PINELLAS PARK – The Golden Lantern Homeowners Association promised to block mobile park owner Robert Keathley’s plan to sell the property for development into a multi-million-dollar commercial and residential complex.

The roughly 20-acre facility was established in the early ’70s. Many original trailers still stand.

The Pinellas County Planning Council at its Jan. 18 meeting was to make its recommendation to the county Board of Commissioners about a zoning change that would cause the razing of the mobile home park. Keathley could not be reached for comment.

Residents would get only six months to find a new home, and many cannot afford to move.

Of the 178 residents, 103 are homeowners.

Trailer owners would get from the Florida Mobile Home Relocation Fund only $1,375 for a single wide and $2,750 for a double wide.

Most trailers cannot be moved for reasons that range from structure instability to financial hardships a move would create.

It’s estimated that relocating a trailer from the site would cost between $6,000 to $10,000, depending on the distance.

Some older units contain asbestos and leaded paint and do not meet current codes.

“We will do everything legally possible to save the park,” Jenny Cocciardi, association president, said. “We will not allow this to happen.”

Cocciardi said the units would be destroyed where they stand. Those people with mortgages will not only lose their homes, but would have to continue payments as well.

All park residents are low on the economic totem pole. They are blue collar workers existing from paycheck to paycheck.

“We are not trailer trash,” said Christie Short, the association’s secretary who, with her sister, Sandra, share a unit with one child and six dogs. “Many of us are educated and simply chose the trailer park lifestyle.”

Occupations of residents range from medical professionals to minimum wage jobs.

“We are the people who work as cashiers, painters, waiters and mechanics,” Sandra Short said.
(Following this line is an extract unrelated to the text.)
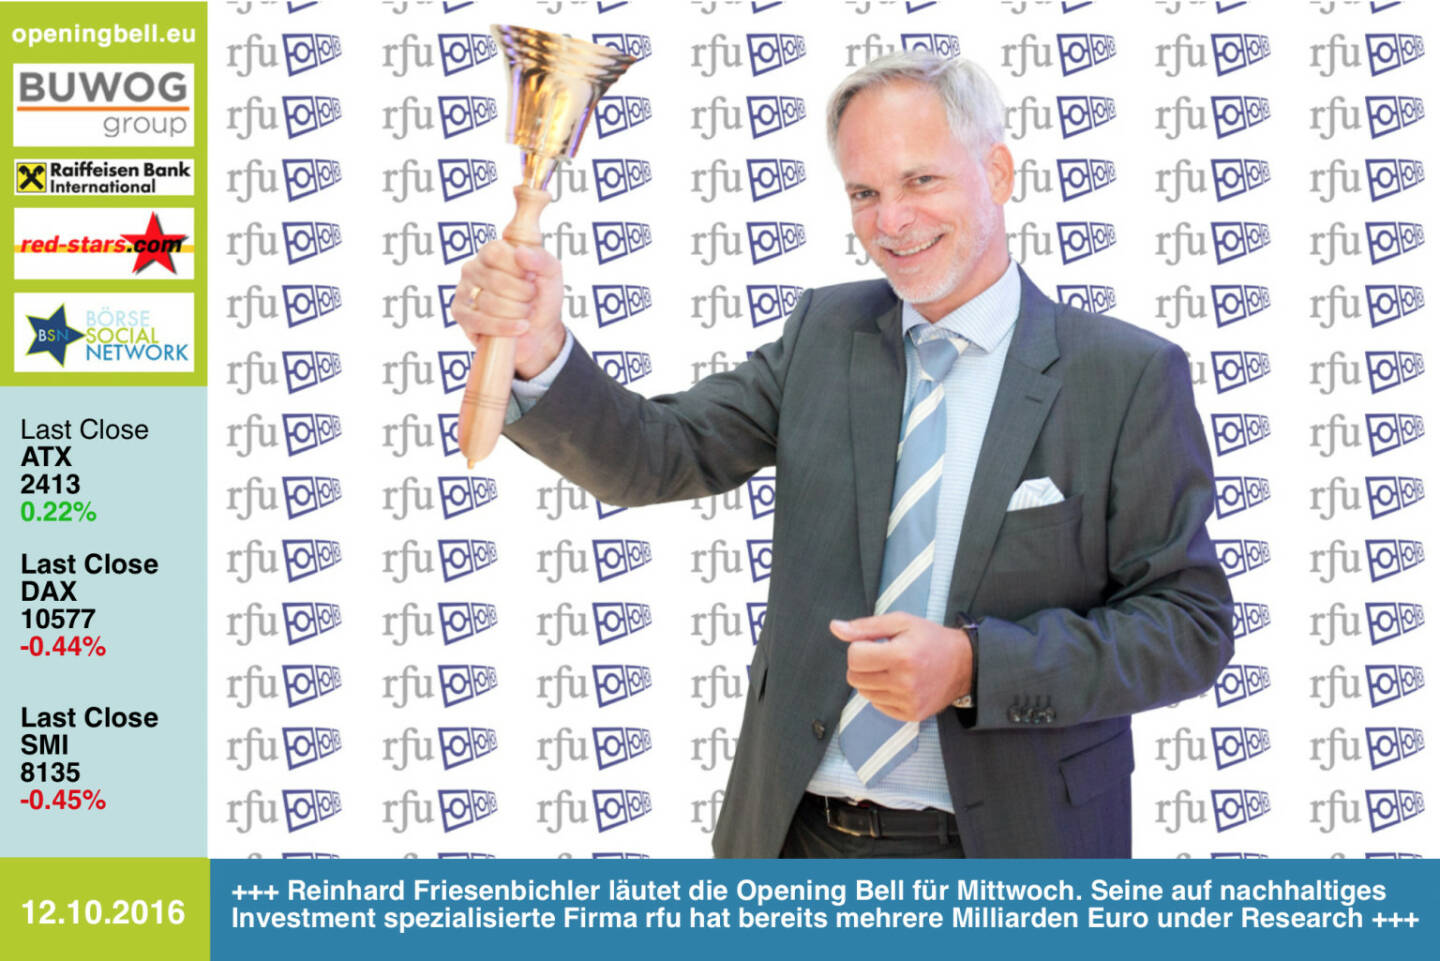 #openingbell am 12.10.: Reinhard Friesenbichler läutet die Opening Bell für Mittwoch. Seine auf nachhaltiges Investment spezialisierte Firma rfu hat bereits mehrere Milliarden Euro under Research http://www.rfu.at http://www.openingbell.eu

She said mobile park residents earned an unfair reputation from watching too many television shows like Jerry Springer.

“We are not as transient a group as many believe,” Short said. “Many residents have been here since the ’70s.”

Residents pay between $335 and $350 a month for lots. The price includes water, lawn maintenance, sewer fees and garbage pickup.

A comparible home or apartment would cost about $1,000 to $1,500 per month, and all the services would be extra.

Some trailers are in rough shape. Others, however, are well-kept. Pets seem to dominate the area.

One woman owns a pair of wolf hybrids. One is a wolf-Alaskan Malamute mix and the other is a wolf-Siberian Husky mix.

“Tonka and Laquoth are wonderful pets,” she said, though admitting that one animal tends to howl at night.

Cherry said many handicapped and senior citizens would have no place to go if forced out of the trailer park.

“They live in trailers because it’s affordable,” Cherry said.

“There is a camaraderie here and we watch out for one another,” Christie Short said. “There is a humane side to all this that everyone ignores.”